* _MATERIAL PROVIDED_:

┄┄┄┄┄┄

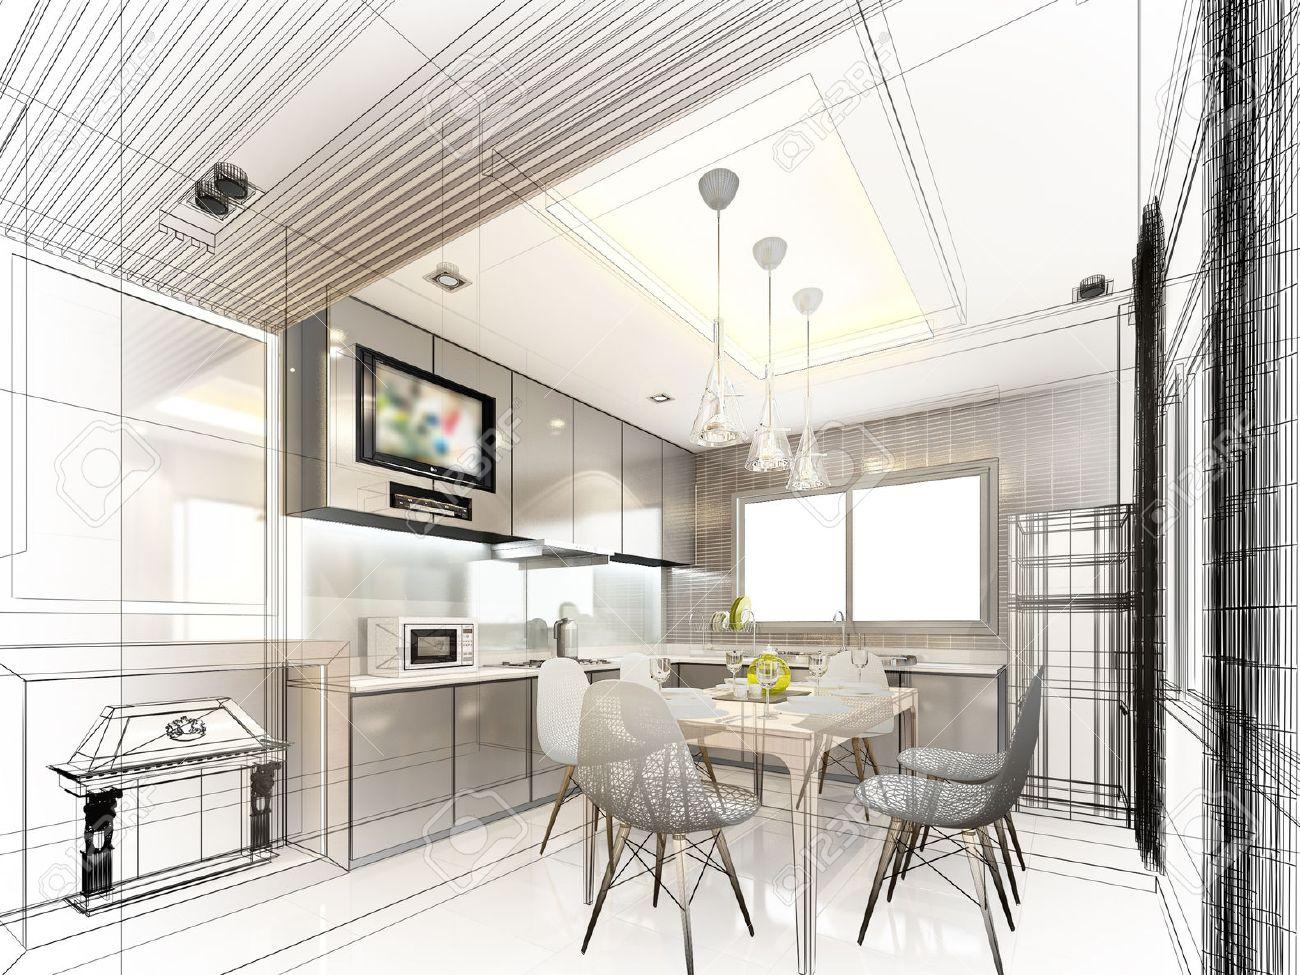 abstract sketch design of interior kitchen - 40904822
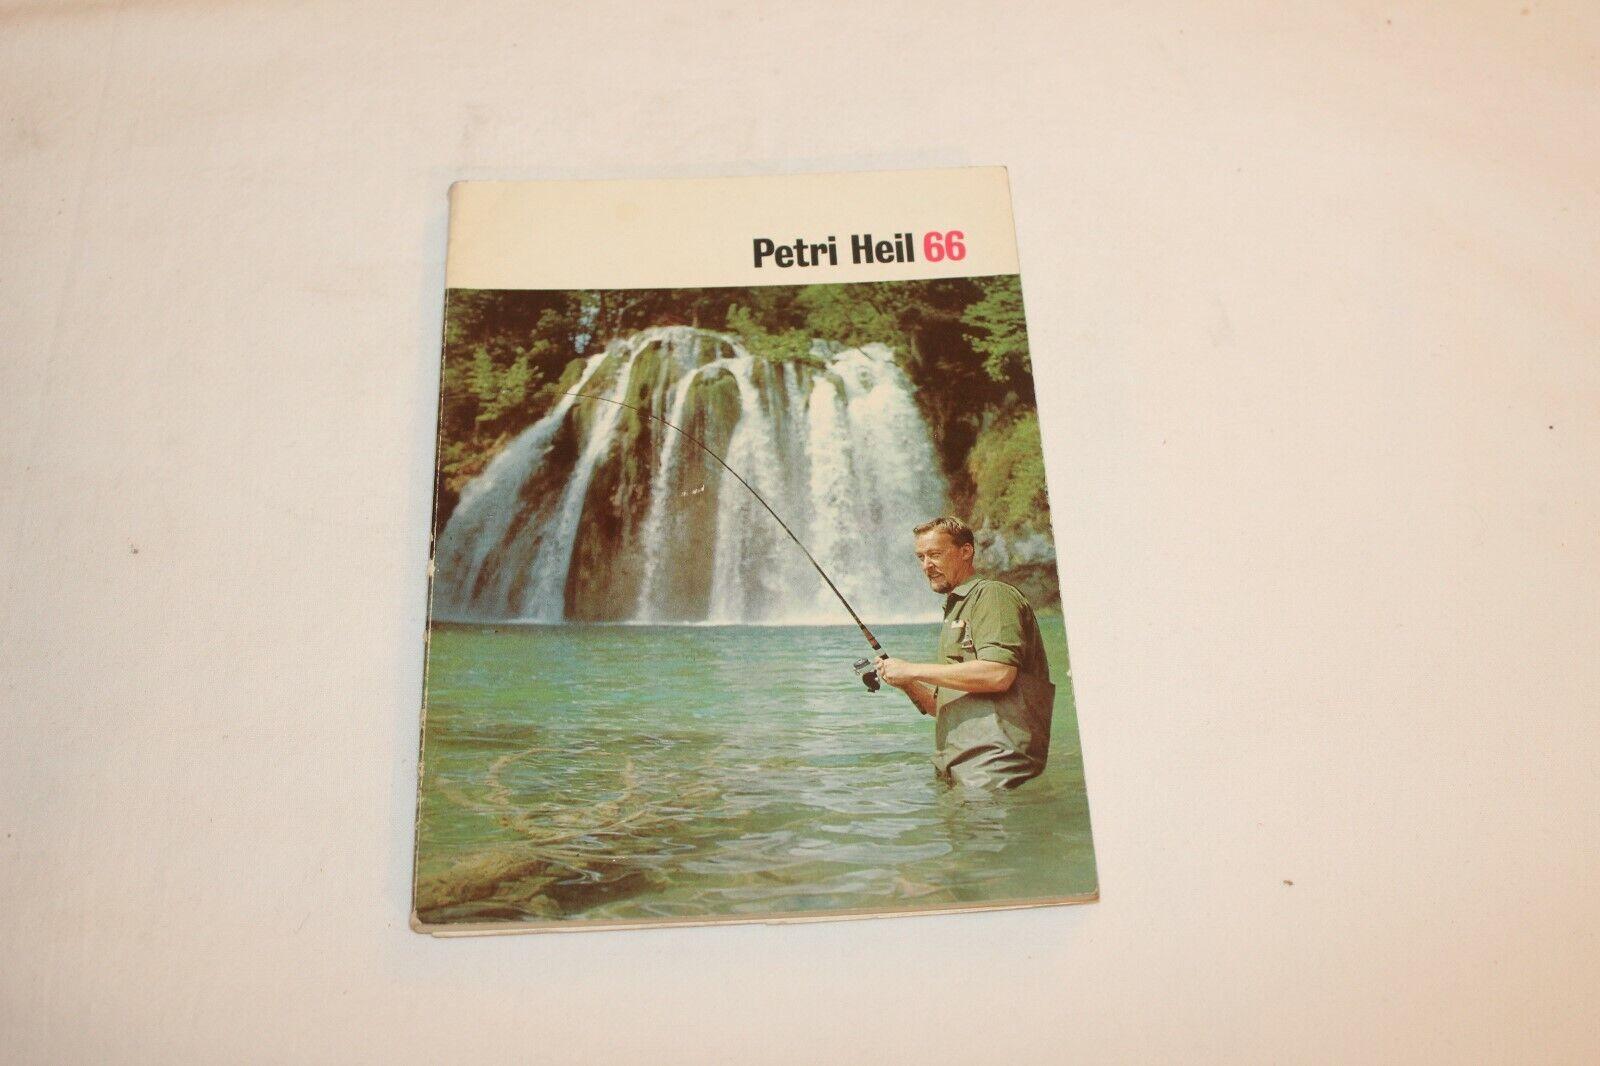 Abu catalogo listino prezzi 1966mit  tedesco
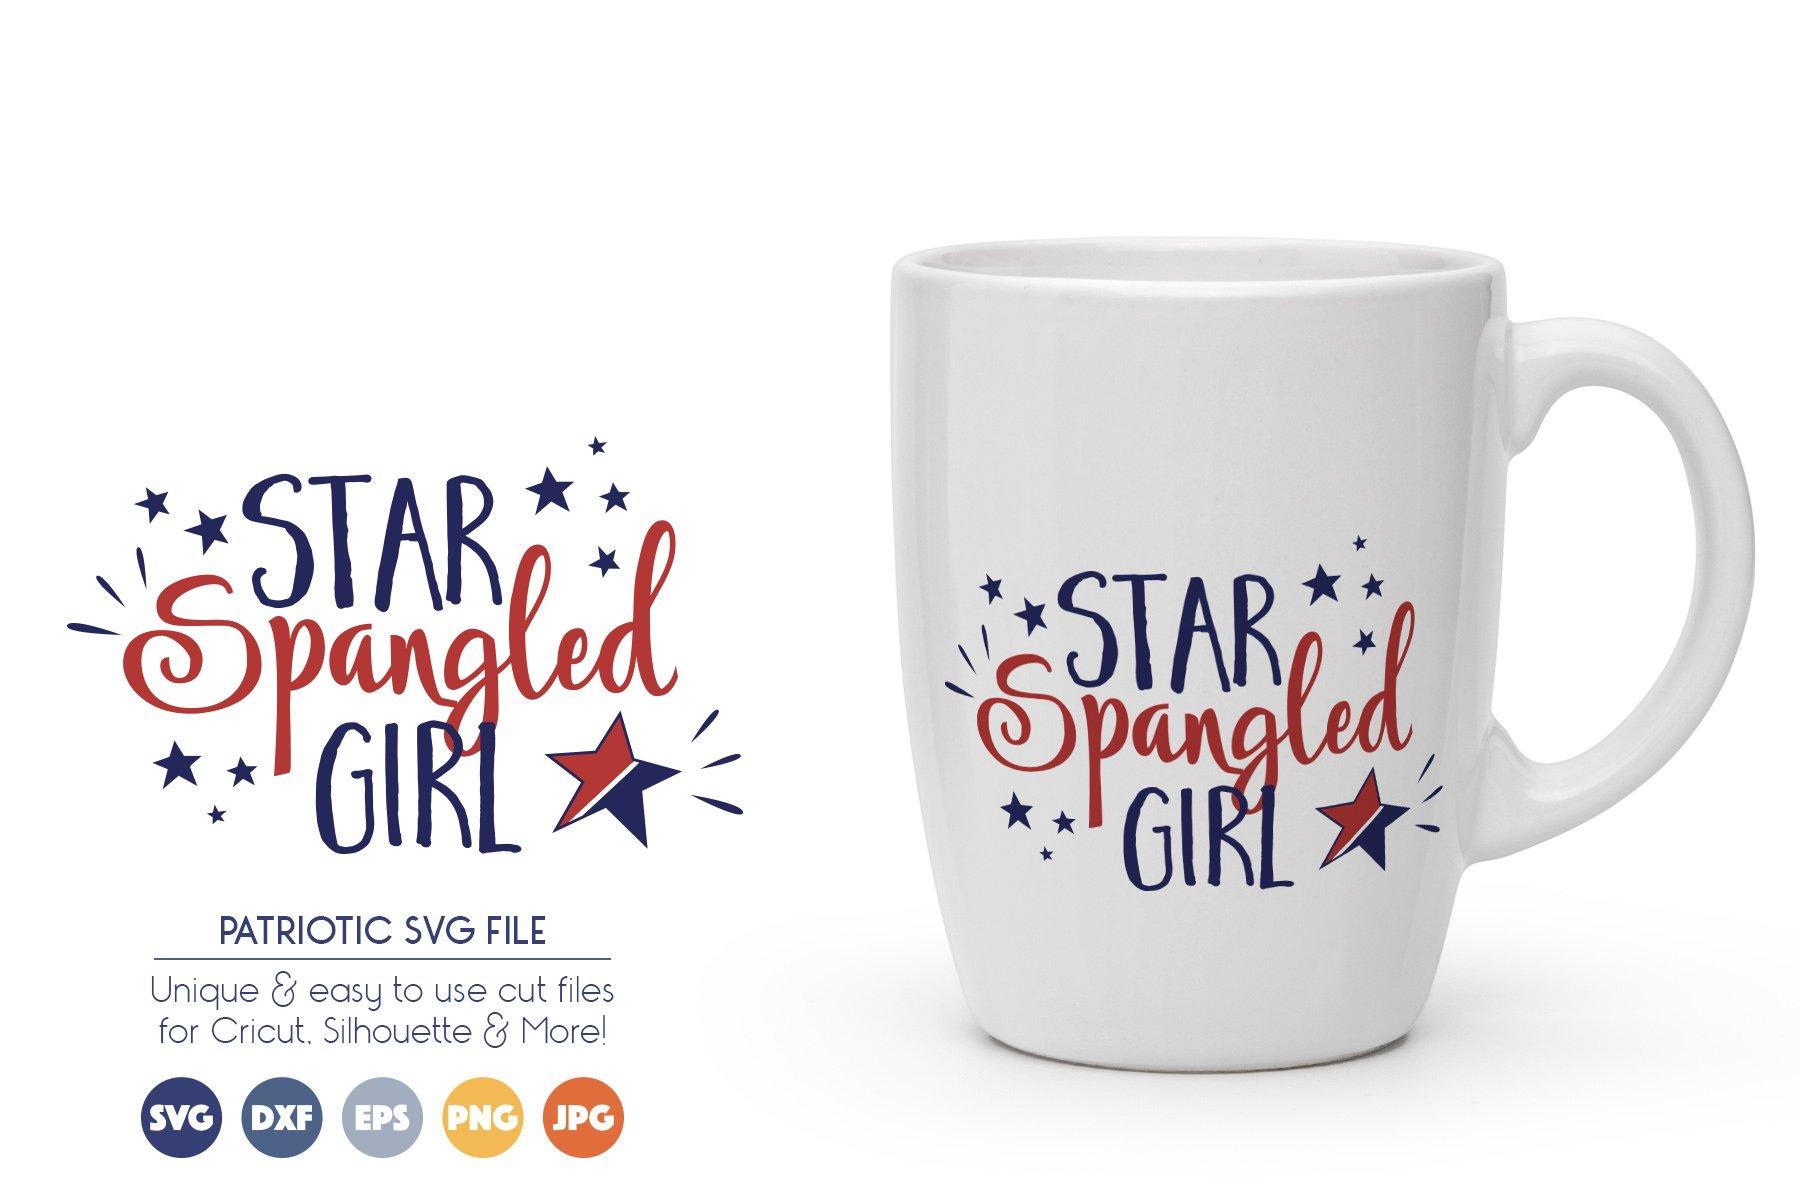 Patriotic SVG Cut Files - Star Spangled Girl example image 1

┄┄┄┄┄┄

* _EXERCISE OBJECTIVE_: Take the line containing "Abu catalogo listino" and every line after it through the end of the data, and write them out exactly, with no pictures.

* _TASK SOLUTION_:
 Abu catalogo listino prezzi 1966mit  tedesco
 Patriotic SVG Cut Files - Star Spangled Girl example image 1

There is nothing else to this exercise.